We read in magazines and diet sites all the time that protein has an amazing impact on women’s health however it is important for you to understand that this essential nutrient does much more than just making you feel satiated. Protein is used by the body to repair as well as build tissues, and it also works like the building block of bones and muscles. Despite this it is unfortunate that nearly fifty percent of women don’t know the adequate amount of protein that they must have.
So, how much protein is needed?
As per a registered dietitian and nutritional spokesperson, Tara Dellolacono Thies, most women require between 50 and 60 grams protein on a daily basis.
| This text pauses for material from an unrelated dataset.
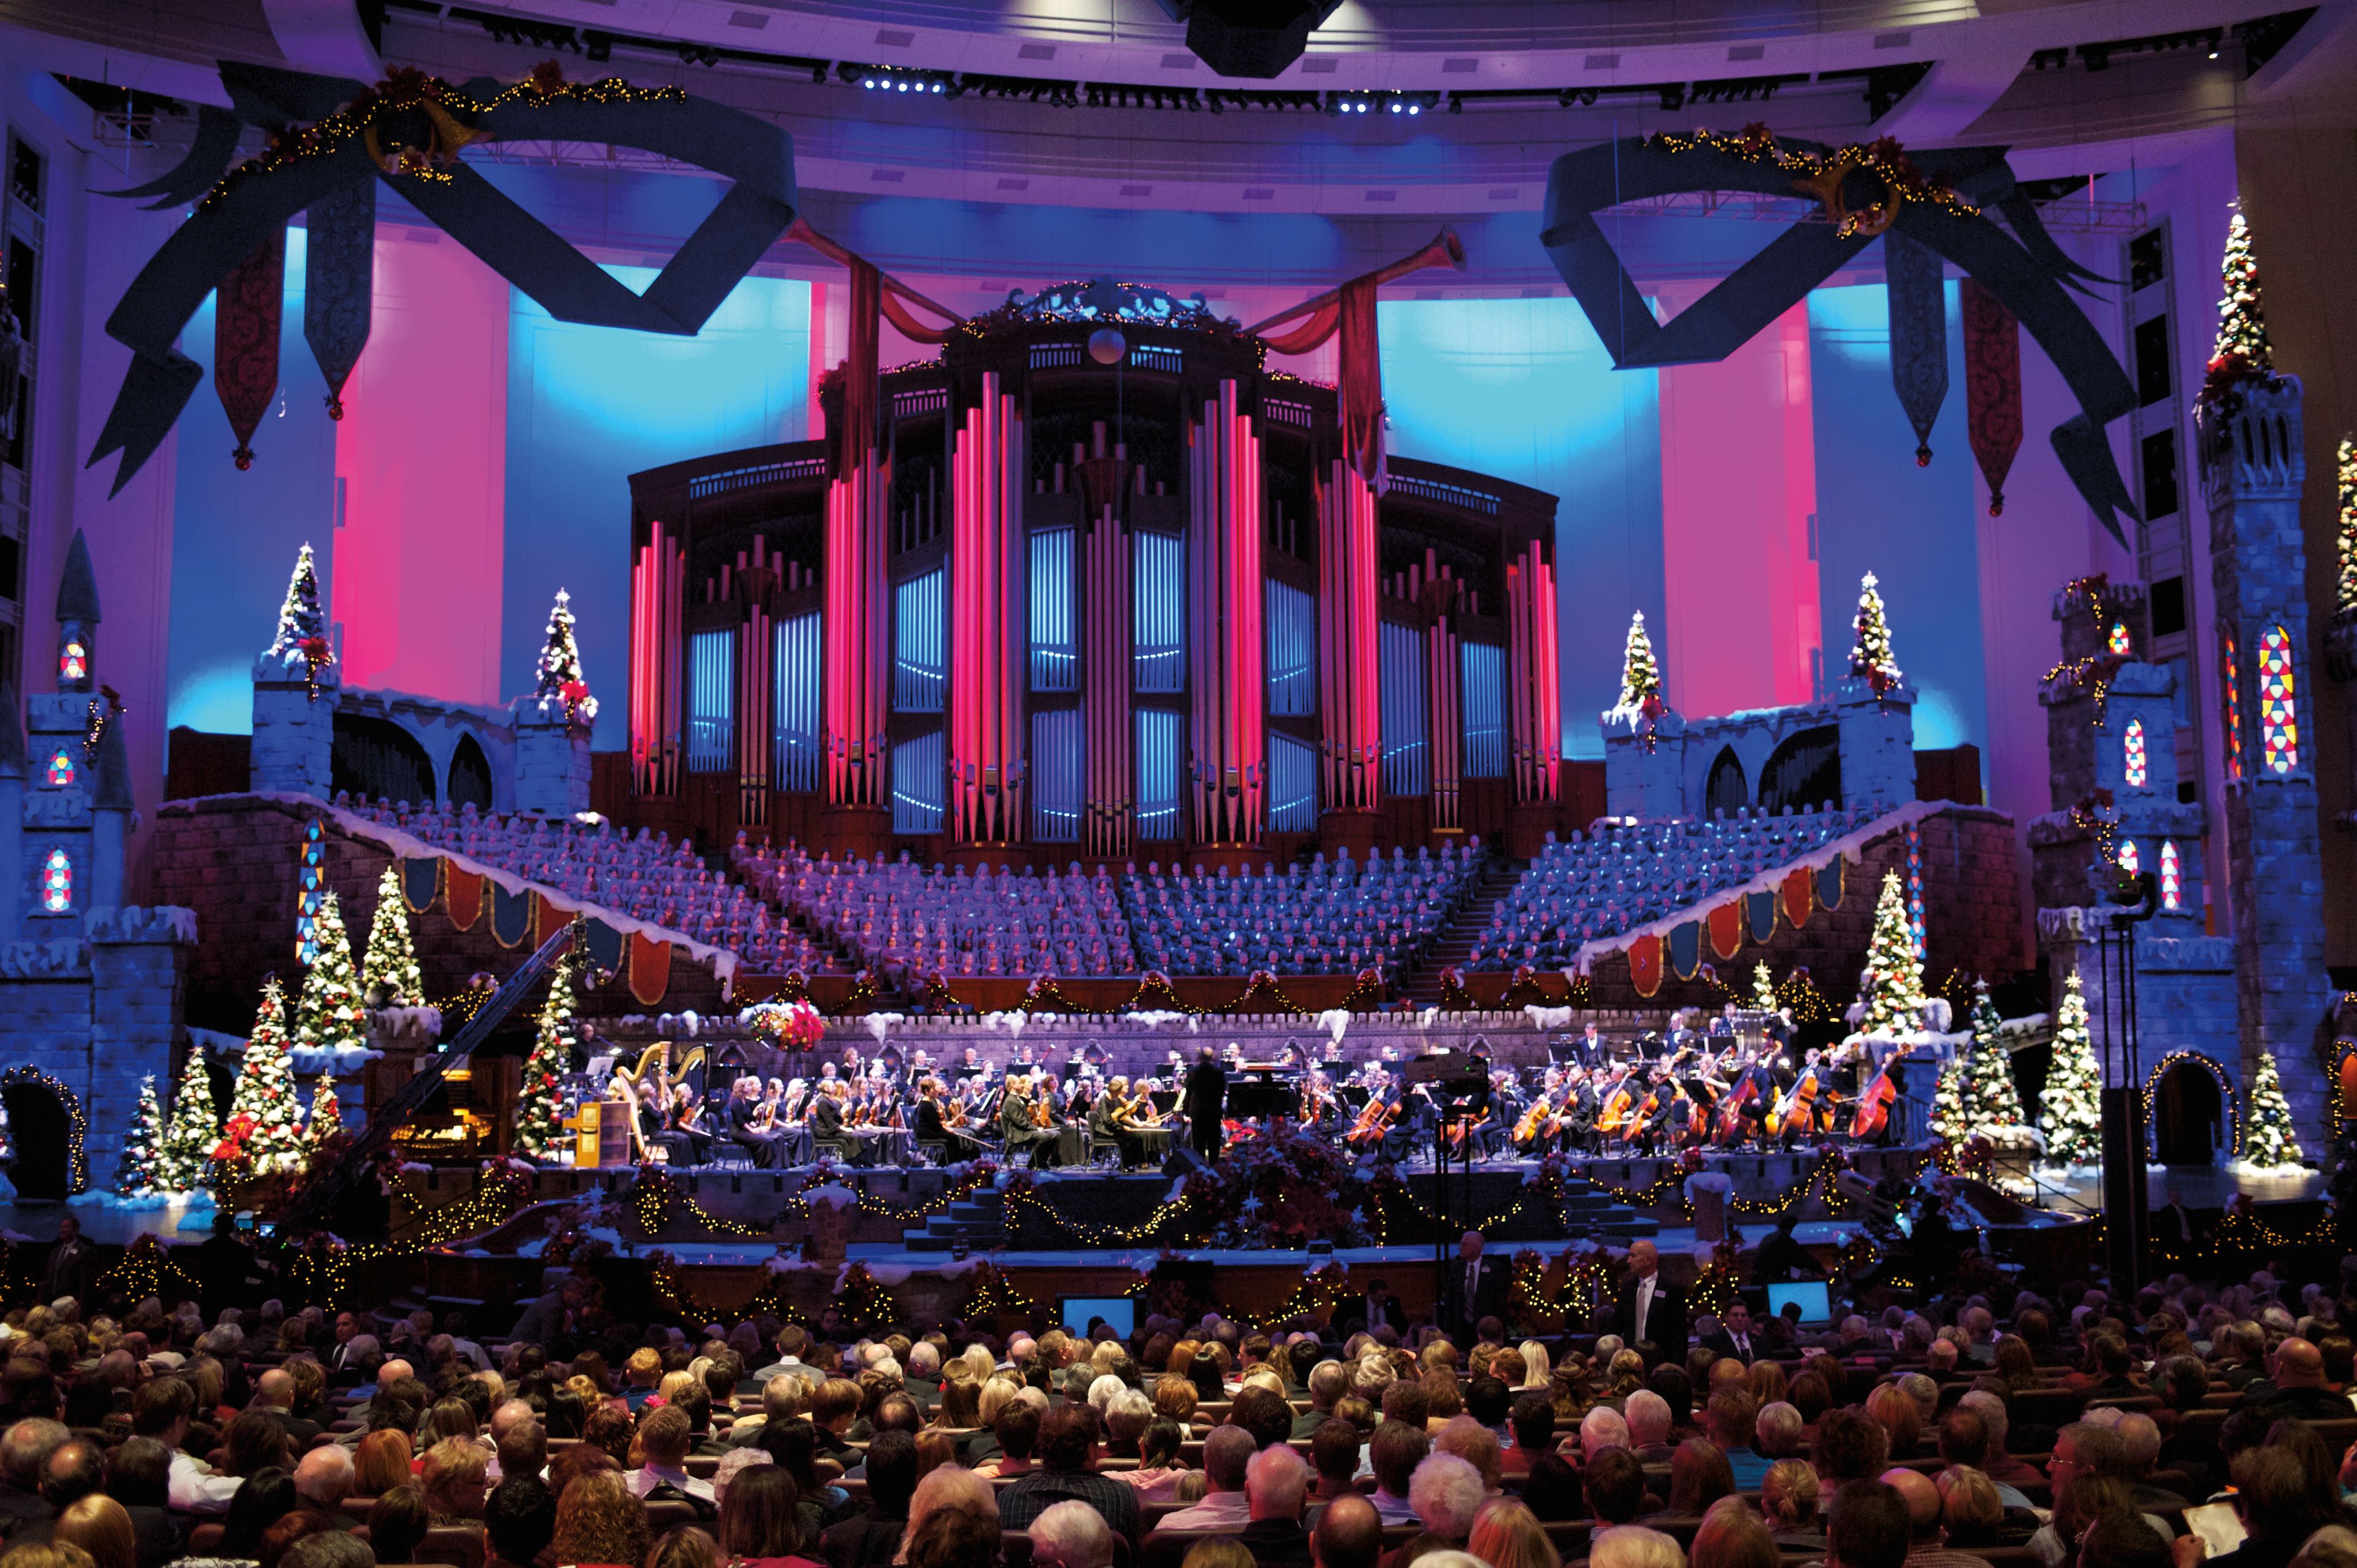 An audience watching the Christmas concert in 2011.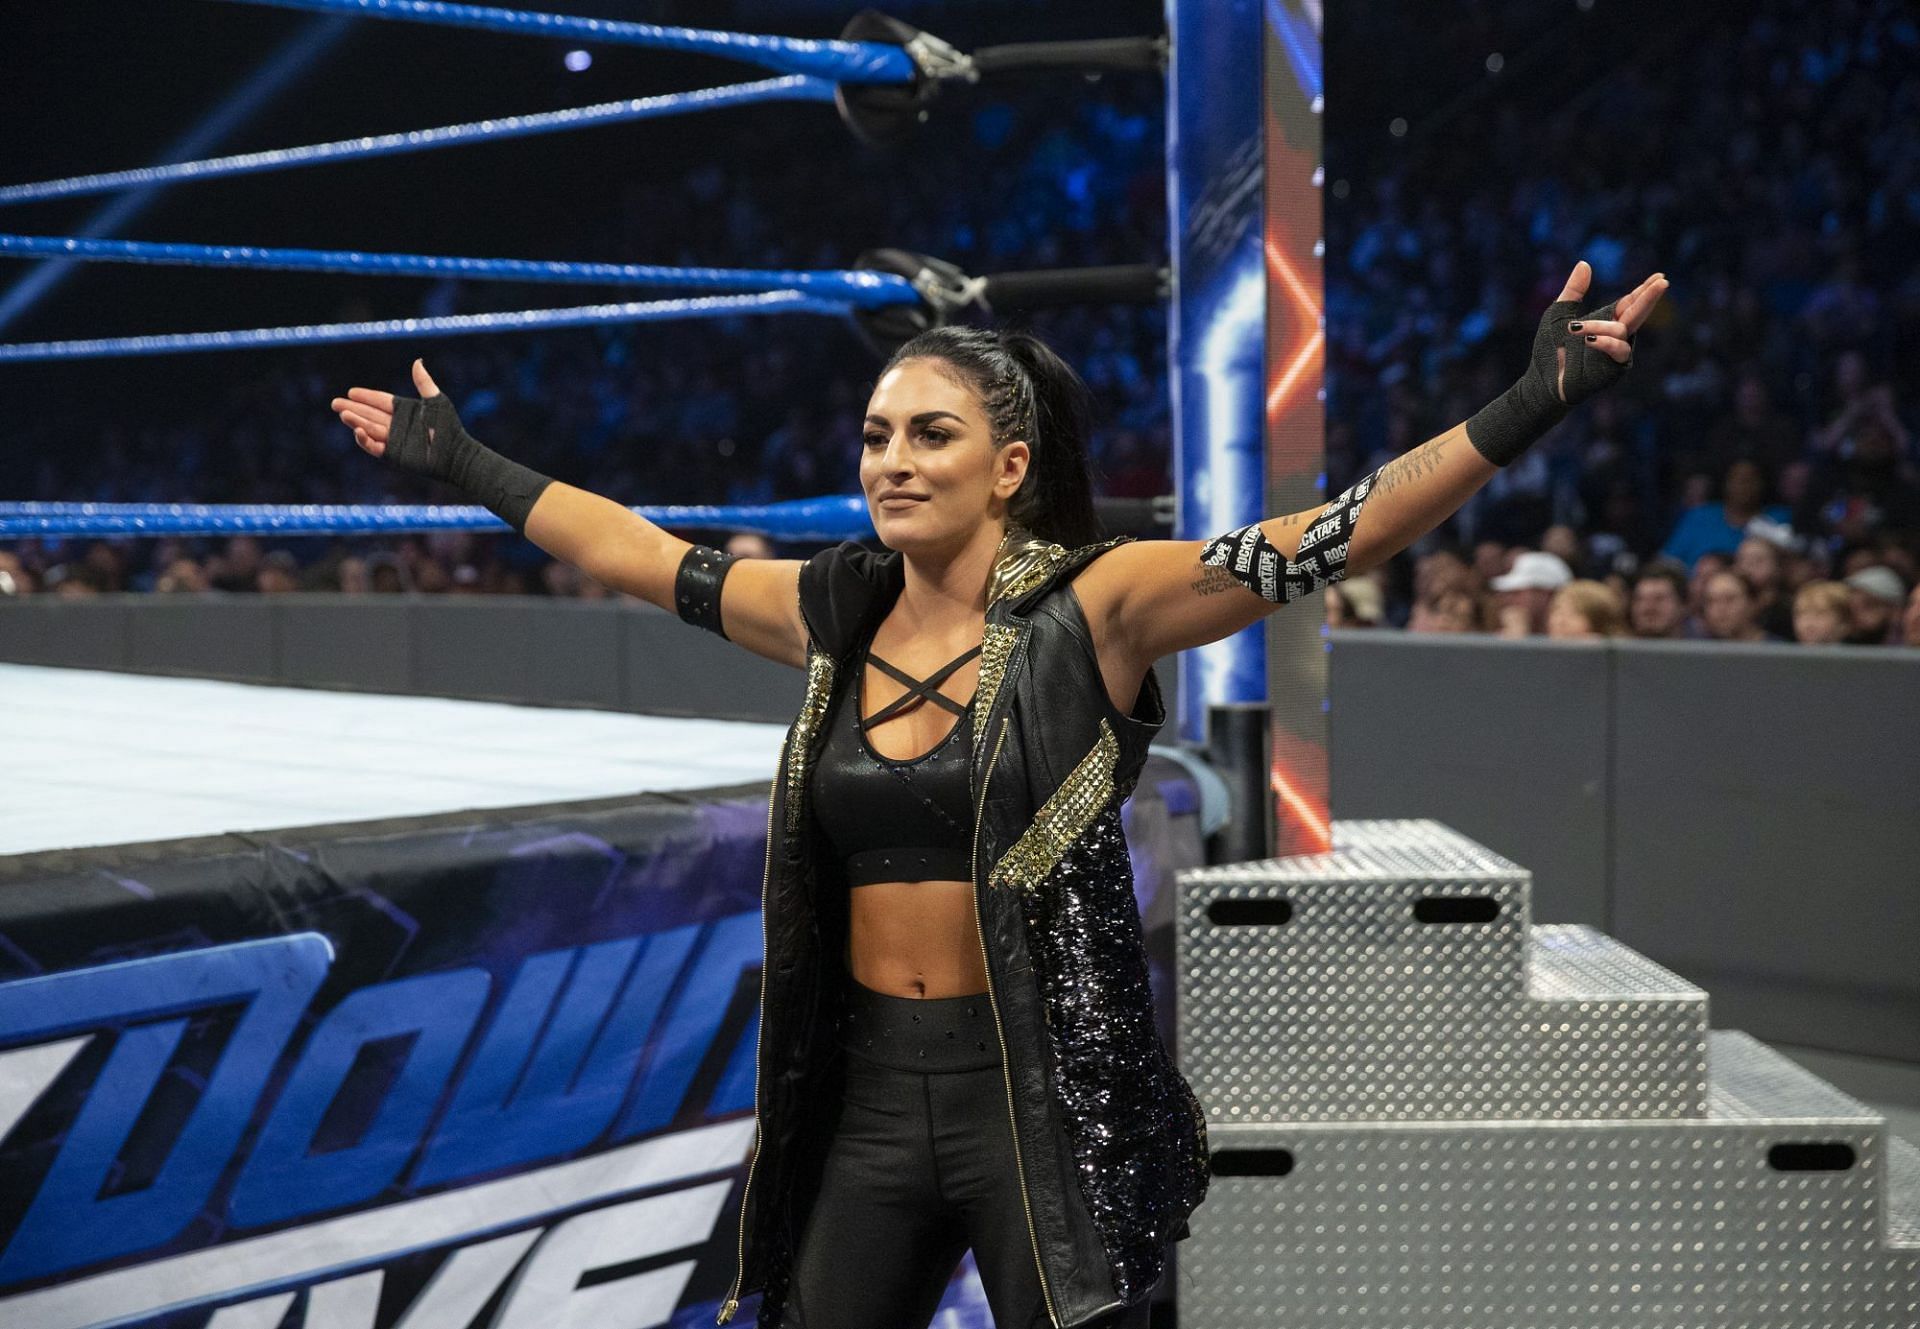 The former WWE official has her sights set high in 2022.

The Institute of Medicine suggests that women should take approximately 0.8 grams of protein per kilogram body weight.
What are the recommended sources of protein?
People having a well-rounded diet usually get enough protein however it is essential to include the entire protein nutrient which includes the nine essential amino acids. The most recommended sources for protein are eggs, meat, fish, dairy products, and soybeans. The vegetables , fruits, and whole grains can be combined to provide a complete protein meal.
Regulating the saturated fat intake?
Although meat contains high amounts of protein, it is also important to consider the amount of saturated fats that you are getting in your diet. It should be remembered that about one serving of steak can give you 75 percent of your saturated fat content of the day. So, consider that you consume more of the low-fat, protein-packed superfoods such as yellow fish or tuna, roasted chicken, lean flank steak, soyabeans, lentils, and non-fat Greek yogurt.
Besides the above mentioned superfoods that contain protein, some of the other recommended sources of protein are lamb, beans, salmon, turkey, nuts, and milk. If you are traveling and need protein to boost your energy levels, you can rely on the protein shakes and energy bars that work like great protein-rich foods.